# 2 Boxes



## mikemac (Jan 4, 2010)

I took some time over the holidays to build a couple of boxes as Christmas gifts

Red Oak with Spalted maple lid:






and the 2nd is Jatoba, again with a spalted maple lid:






Cheers
Mike


----------



## theHullTurn (Jan 4, 2010)

I love them! Great work!


----------



## YouthMinisterDan (Jan 4, 2010)

Those are nice...I want to make something similar to that for my daughter.


----------



## marter1229 (Jan 4, 2010)

Great boxes!
Terry


----------



## johnnycnc (Jan 4, 2010)

Both very nice, whoever got those, got a special gift!


----------



## Glenn McCullough (Jan 4, 2010)

nice, real nice!


----------



## nava1uni (Jan 5, 2010)

Beautiful boxes.  I really like the wedges in the corners.


----------



## rjwolfe3 (Jan 5, 2010)

Mike those are awesome. My wife saw the first one when you showed it me and guess what I have to do now, lol!


----------



## gvanweerd (Jan 5, 2010)

Very Nice!


----------



## mickr (Jan 5, 2010)

The top material is very pretty & I like your splines


----------



## Jgrden (Jan 8, 2010)

Beautiful Mike. I have a "thing" for boxes.

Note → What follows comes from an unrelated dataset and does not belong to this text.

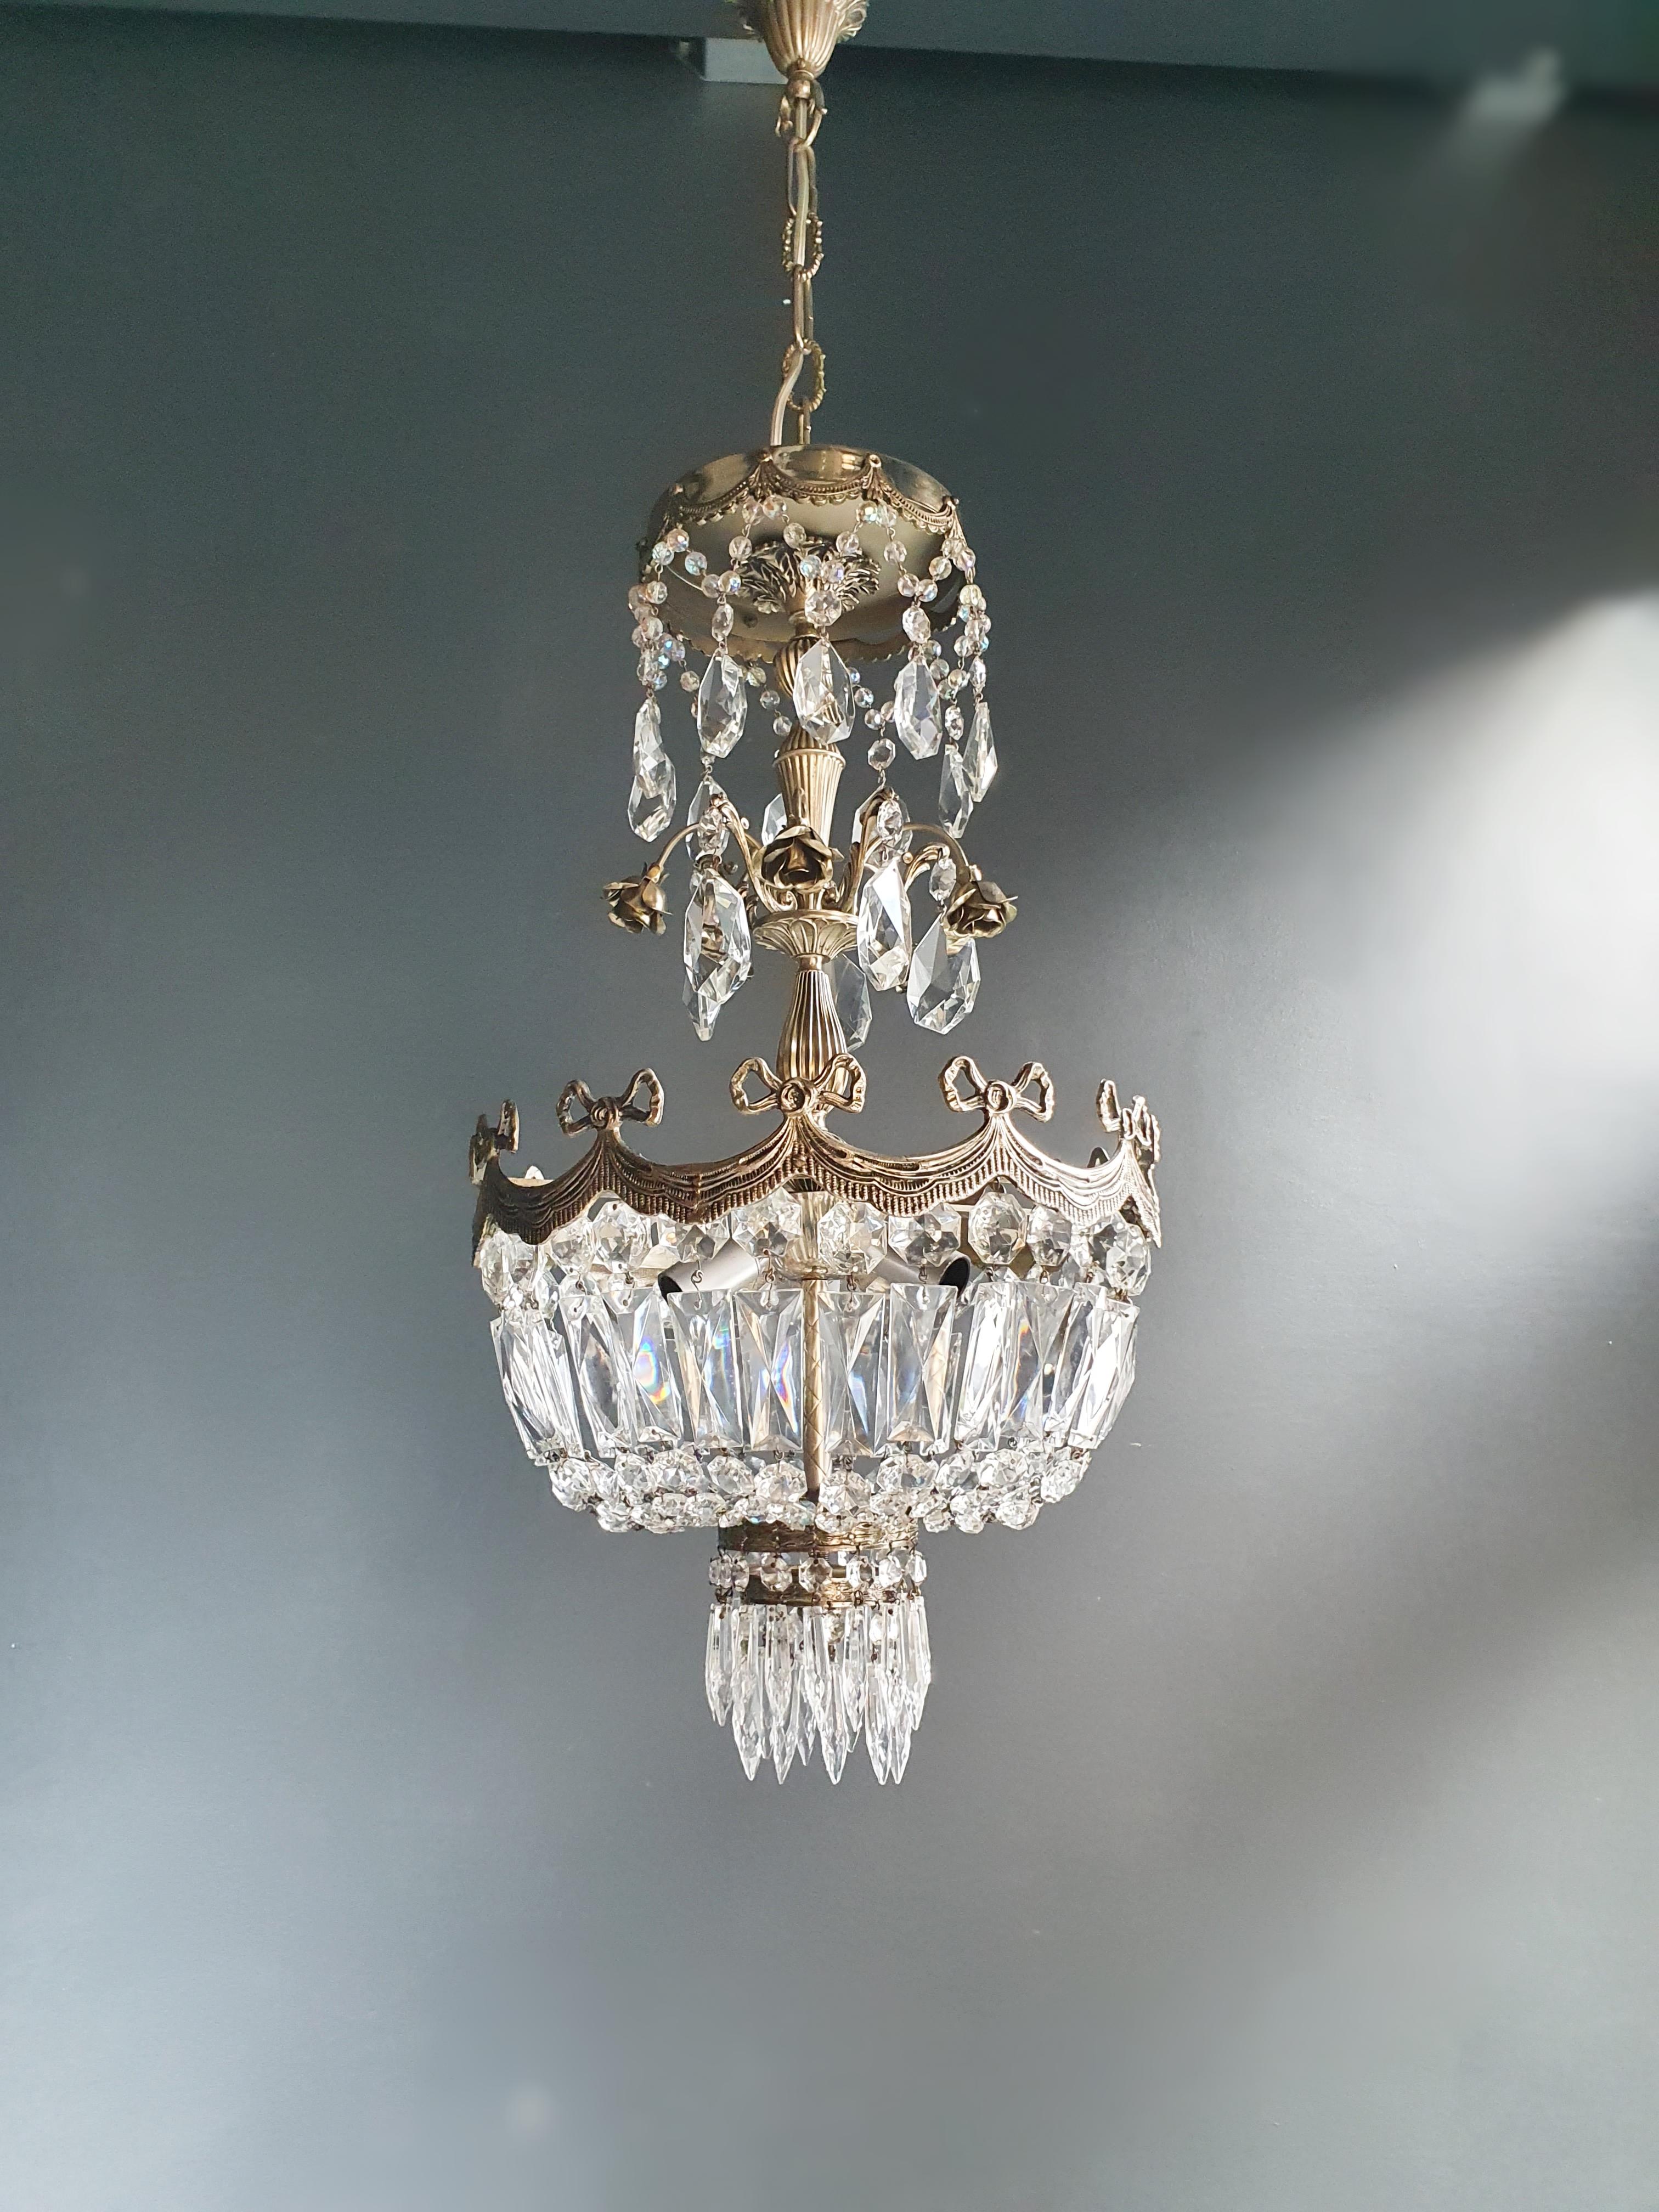 Silver Rose Brass Crystal Chandelier Antique Ceiling Lamp Lustre Art Nouveau 1

Don't build them, just admire them.


----------



## dustmaker (Jan 8, 2010)

Your work is top shelf.  Congrats on an excellent build.  Those are quite nice!


----------



## jbostian (Jan 8, 2010)

Great looking boxes.

Jamie


----------



## Rcd567 (Jan 10, 2010)

very nice, I could never do something like that.


----------



## khogan16 (Jan 10, 2010)

They look really nice, you did a great job and should be proud of them.


----------



## Mrs Rojo22 (Jan 29, 2010)

Nice!

Robin


----------



## Rfturner (Jan 29, 2010)

*Boxes*

The Boxes look great unfortunatly I can't make boxes right now because of lack of equipment:frown:, But I love to make them, good job


----------